Mentre lUnesco linserisce nella lista dei 90 tesori culturali da salvaguardare, questa secolare forma teatrale popolare rivive nelle pagine di due volumi curati da Bernadette Majorana e Donata Amico
LOpera dei pupi, tra passato e presente
Il passato ritorna nel presente e di nuovo compie un viaggio a ritroso per raccontare vicende che riguardano la storia della Sicilia e di Catania, attraverso l’opera dei “pupari”, che diedero vita ad un teatro popolare di grande successo.
La grande importanza di questa antica rappresentazione trova conferma in questi giorni. La scorsa settimana ad Istanbul l’Unesco ha stilato un elenco di novanta tesori della cultura orale e immateriale da salvaguardare poiché appartengono al patrimonio di tutta l’umanità: fra questi c’è spazio per la nostra “opera dei pupi”, accompagnata dal canto a tenore sardo.
Storie e documenti di questa magica messa in scena sono state di recente riprese e raccolte in due volumi di Bernadette Majorana e Donata Amico (Pupi e attori.
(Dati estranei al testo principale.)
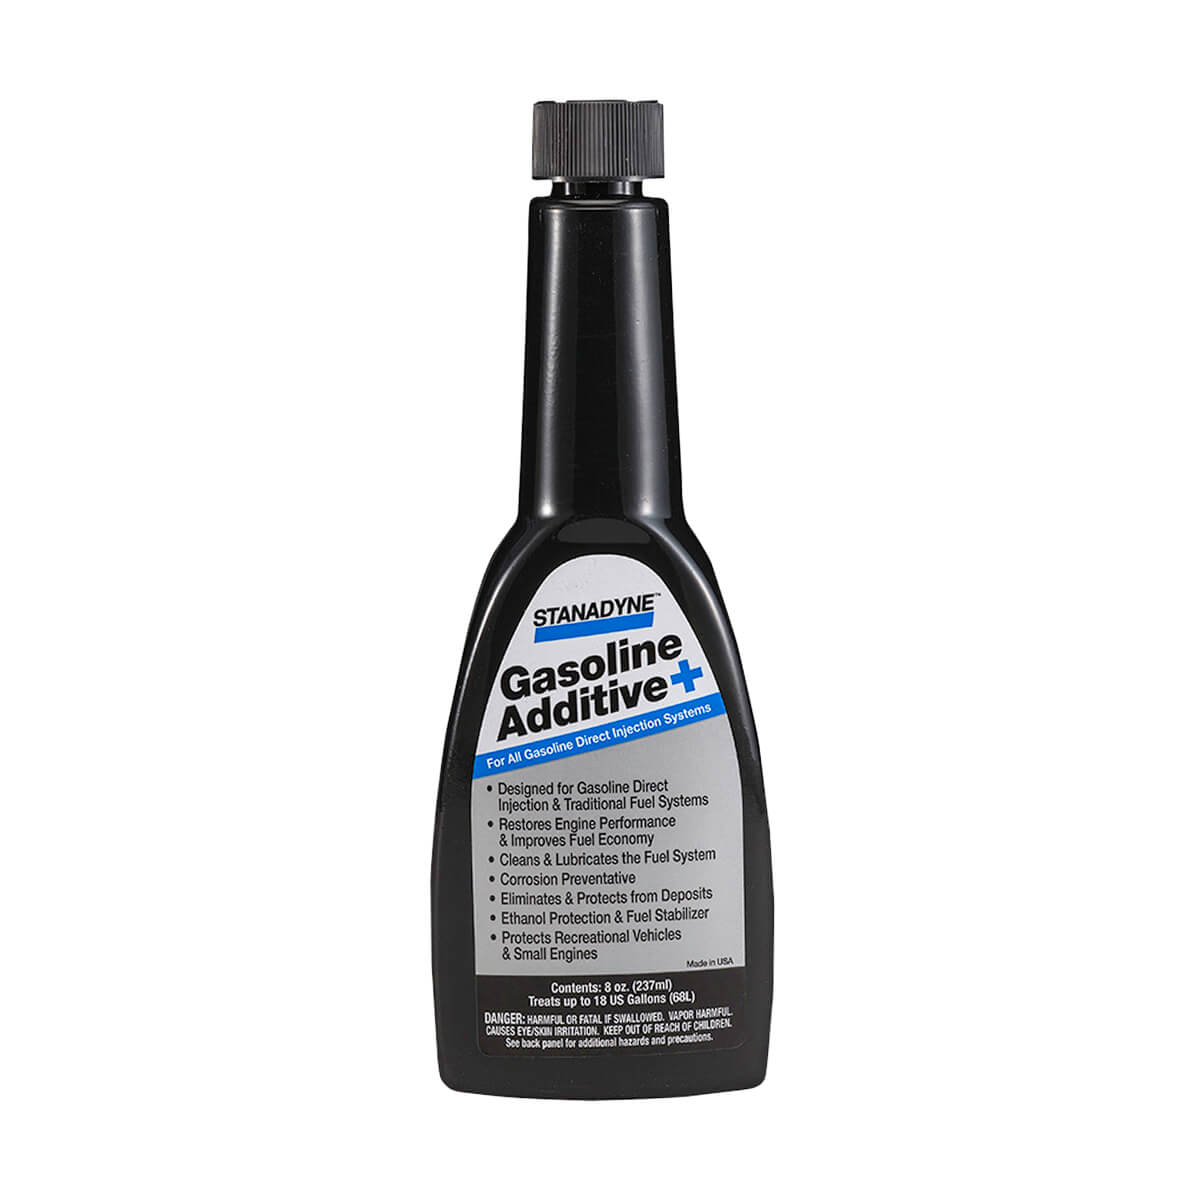 355 mL Stanadyne Gasoline Additive+

Ovvero l’opera dei pupi a Catania. Storia e documenti e Teatrar narrando: l’opera dei pupi catanese), due delle più importanti studiose della famosa tradizione teatrale popolare, tramandata per il lavoro dei cantastorie, le cui marionette facevano rivivere personaggi e gesta della famosa “Chanson de Roland”.
I due volumi sono stati presentati lo scorso 30 ottobre, nell’ambito delle “Conversazioni in Sicilia”, incontri letterari organizzati dalla Facoltà di Lettere di Catania.
Alla presentazione è intervenuto, fra gli altri, Antonio Di Grado, professore ordinario di Letteratura italiana presso la Facoltà di Lettere di Catania che ha ripreso il filo dei suoi ricordi, intrecciandolo con le sue competenze letterarie: Le famiglie dei “pupari” fanno parte della storia di Catania. La lettura di questi due testi mi fa ripensare ad un teatrino affollato nella zona di Cibali e gli anziani alla villa Pacini che raccontavano ai più piccoli le gesta di Orlando. Donata Amico ci consegna il ritratto di uomini da sempre impegnati nell’ambito socio-politico, oltre che ad una duplice visuale estetica e storica di quel tempo. Il suo è un lavoro completo che non tralascia né il valore della storia, né quello dei testi. Il lavoro della Majorana può definirsi complementare ad esso, poiché ricostruisce le discipline estetiche che ebbero la loro influenza sulla cultura di quel tempo. In questo modo si possono trattare in maniera molto approfondita il passato ed il presente, che confluiscono in un’unica direzione, il sapore artigianale nel quale si incontrano tutte le arti ed i mestieri delle antiche dinastie di Catania, in una sorta di codice facilmente riconoscibile che si manifesta nelle performance dei “pupari”.
Altro punto di vista, stavolta di un addetto ai lavori, è quello di Alessandro Napoli, discendente da una delle più importanti famiglie di “pupari” di Catania: la riscoperta della tradizione, secondo Napoli, “ha inizio quando nel 1977 il Teatro Stabile di Catania organizzò un convegno sull’opera dei pupi. Si collaborava con i “pupari” di quel tempo per adattare lo spettacolo ai tempi moderni. Allora i mezzi erano molto modesti. Oggi invece si potrebbero avere delle grandi possibilità, grazie anche al supporto delle più grandi famigli di “pupari” palermitane e catanesi. Con l’opera della Amico e con quella della Majorana abbiamo una grande testimonianza del teatro di quel tempo. Mentre Donata insiste sul fatto che questo teatro era una sorta di specchio della società del tempo, Bernadette si sofferma su quello che poteva considerarsi il grande valore dell’opera dei pupi, un teatro che accoglieva il popolino, insegnandogli i valori alti della vita”.
Alessandro Napoli si è detto convinto dell’importanza di tramandare alle nuove generazioni il ricco bagaglio di esperienza e arte dell’opera dei pupi catanese e siciliana: “lo splendore del teatro di un tempo è qualcosa che non può e non deve andare perduto”.